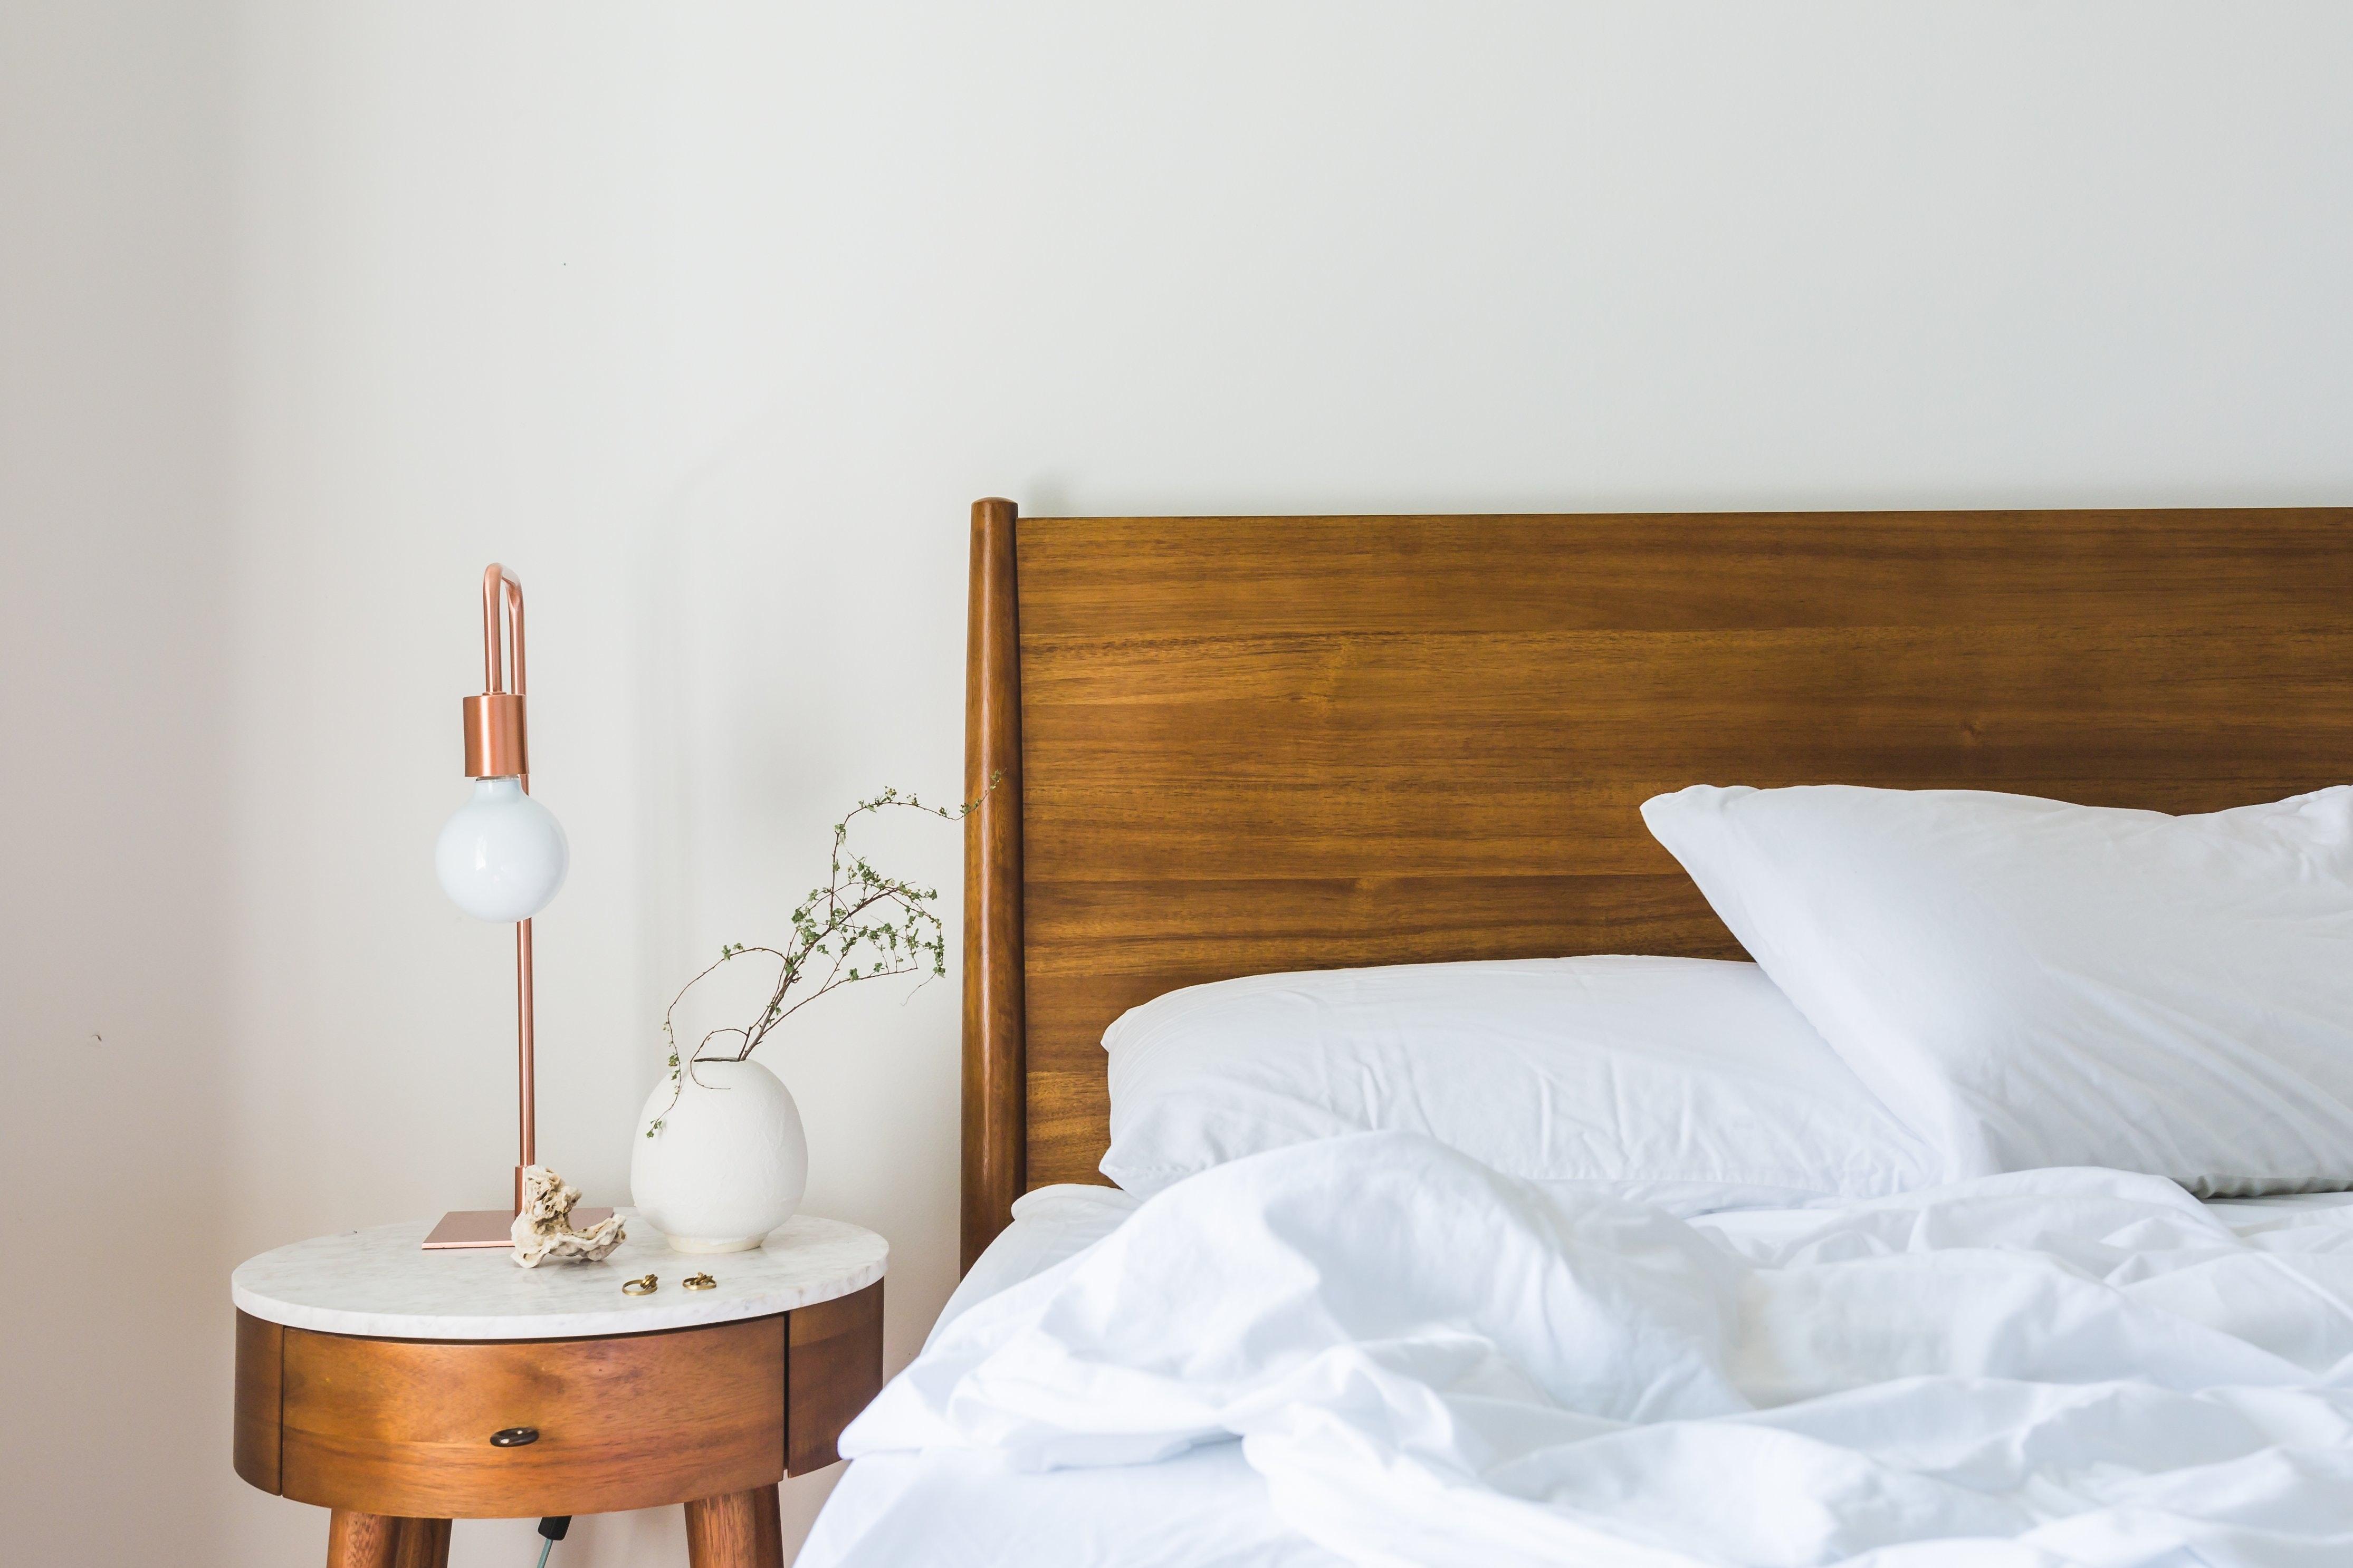 bett bilder finest bett tana with bett bilder bett bine fr zwei kinder jakoo natur with bett. Black Bedroom Furniture Sets. Home Design Ideas
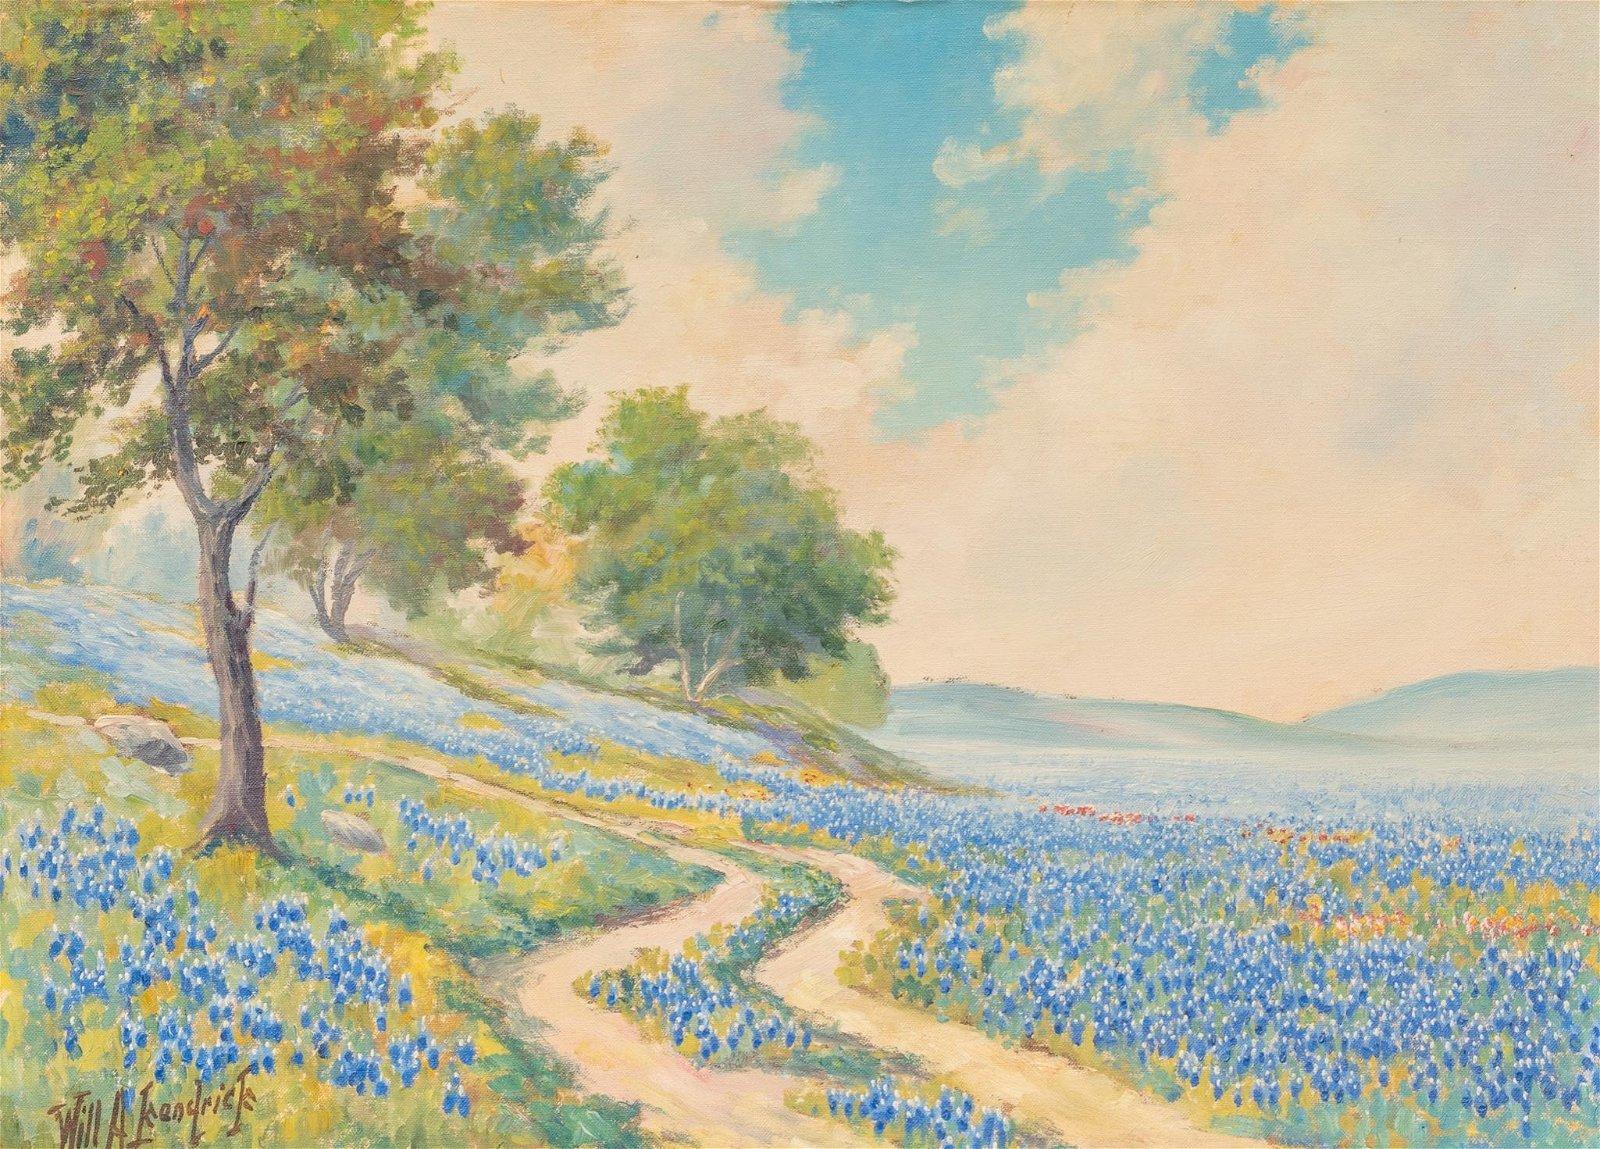 Will Kendrick (1889-1969), Bluebonnets, oil
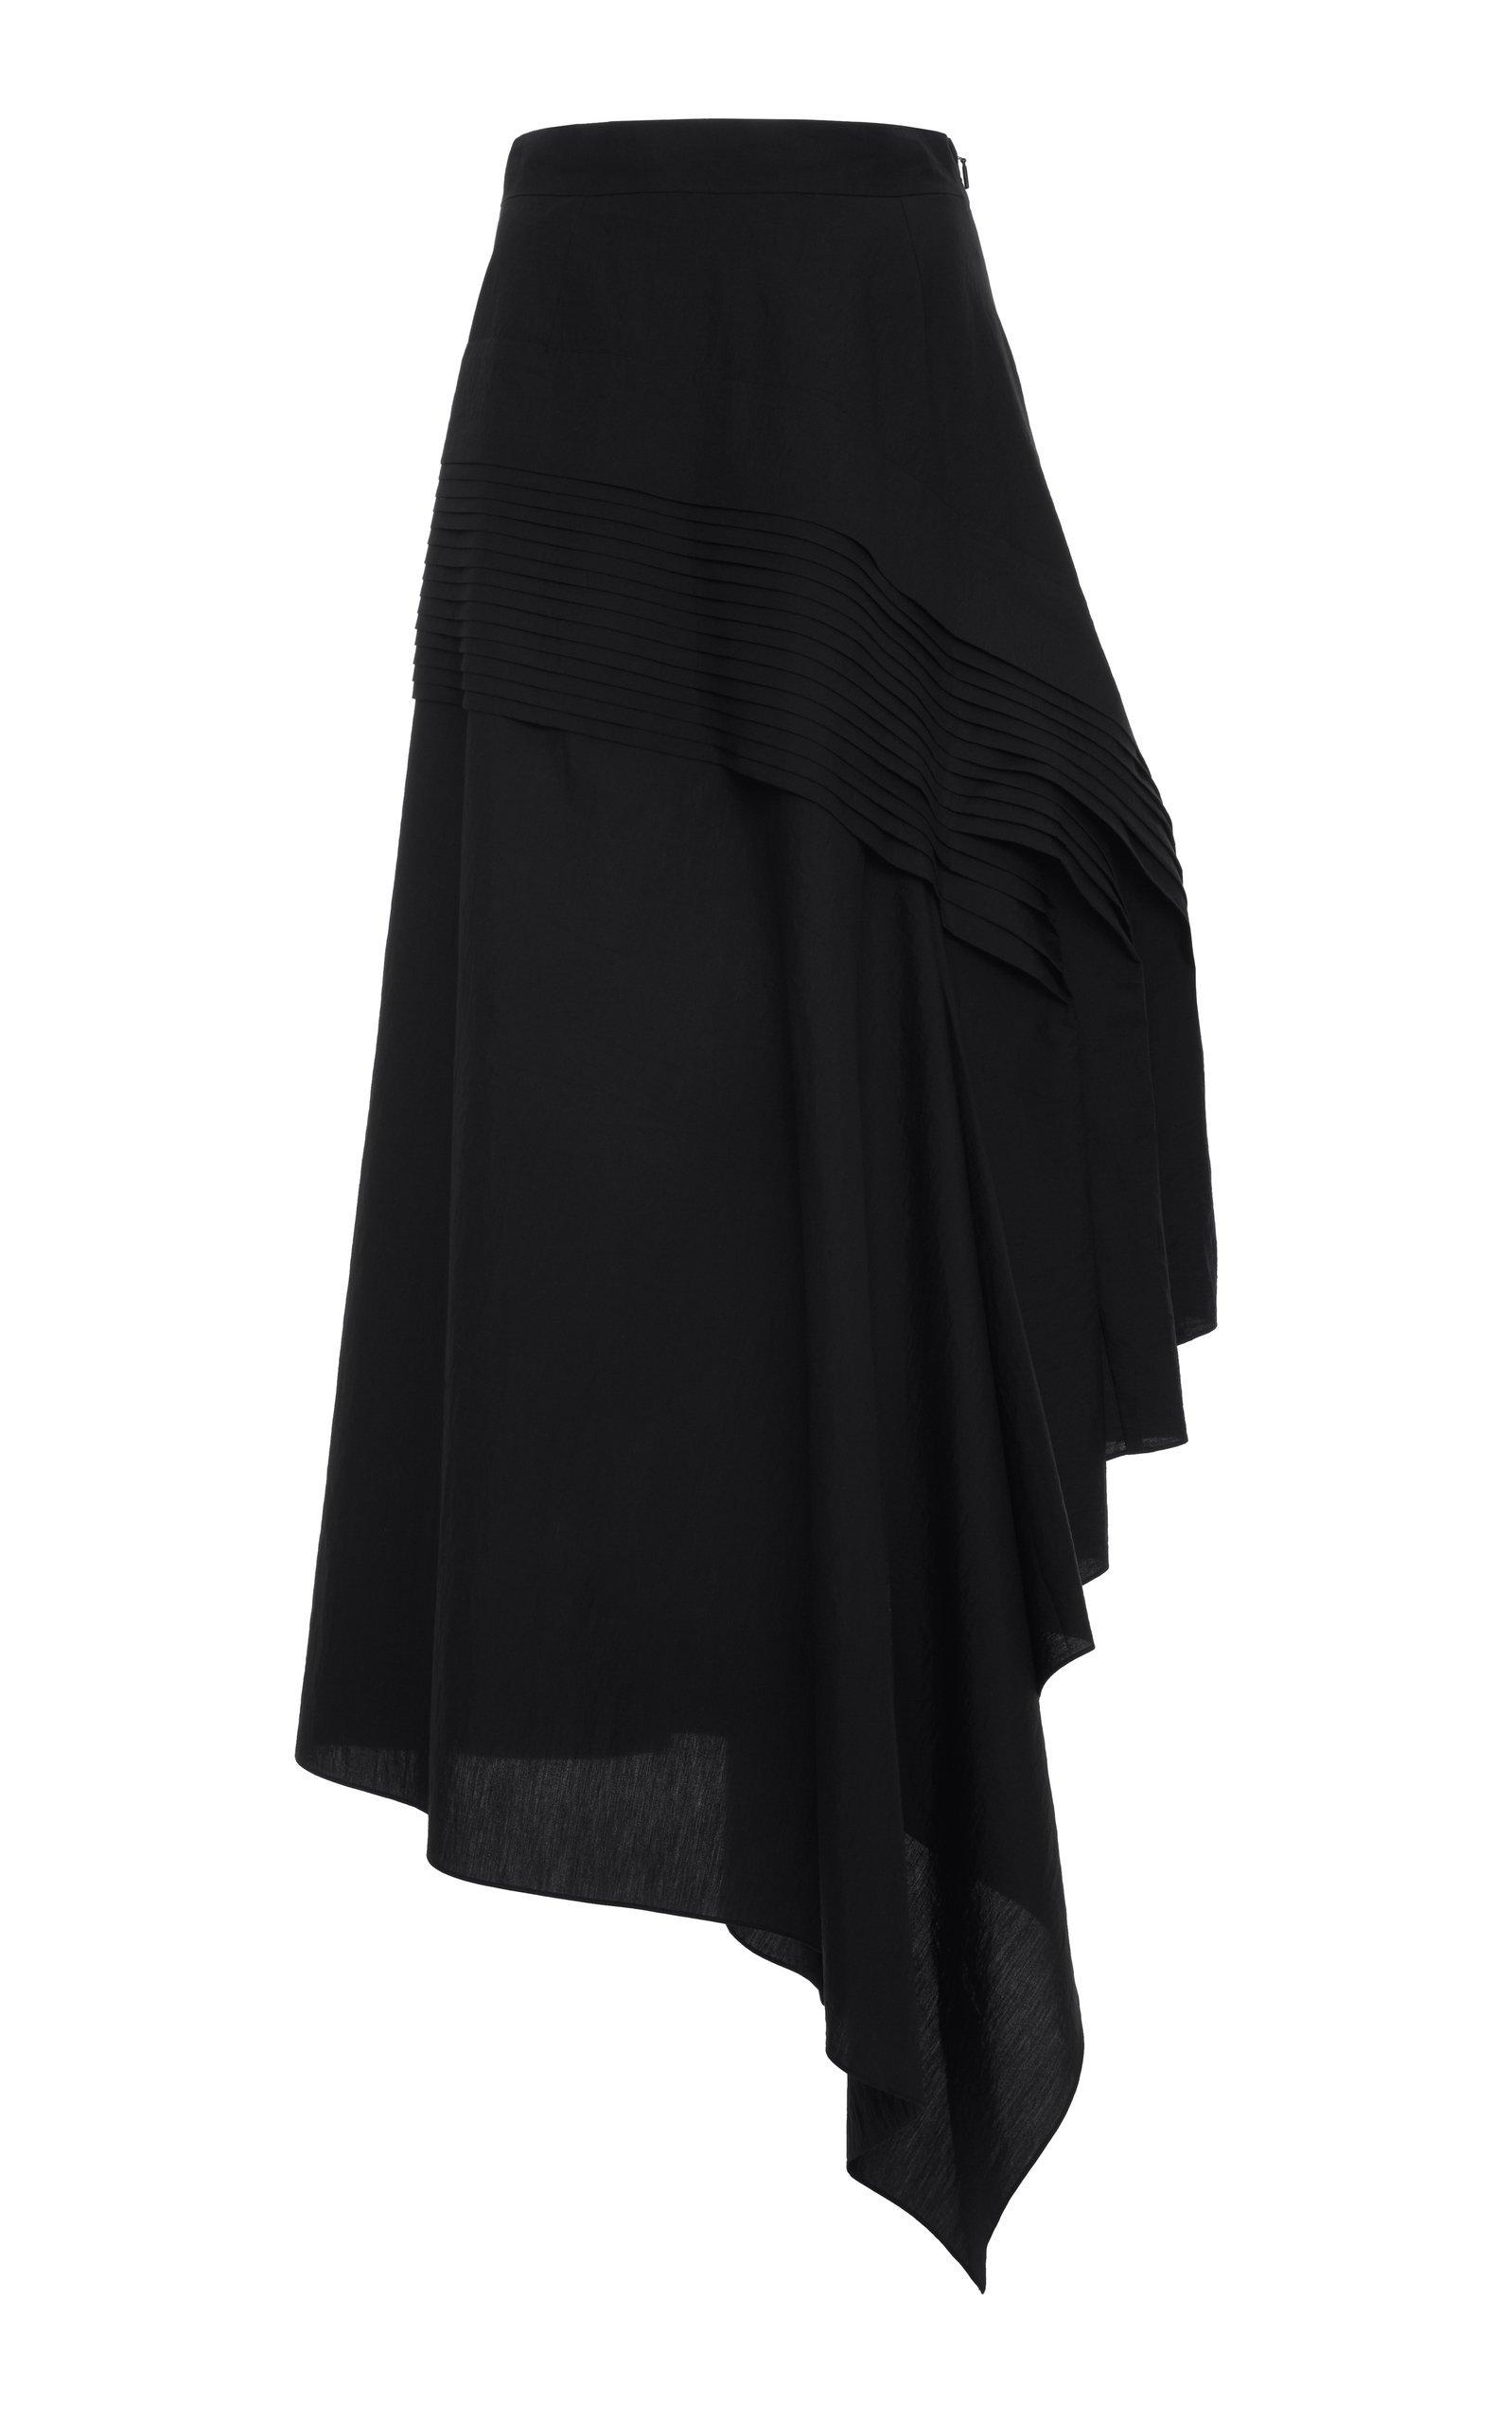 Loewe Plissé Side Midi Skirt Size: 42

Aim of the exercise - Set down word for word, from the line that contains "Will Kendrick (1889-1969), Bluebonnets, oil" to the end of the listing above, every line and no picture.

Solution to this exercise -
 Will Kendrick (1889-1969), Bluebonnets, oil
 Loewe Plissé Side Midi Skirt Size: 42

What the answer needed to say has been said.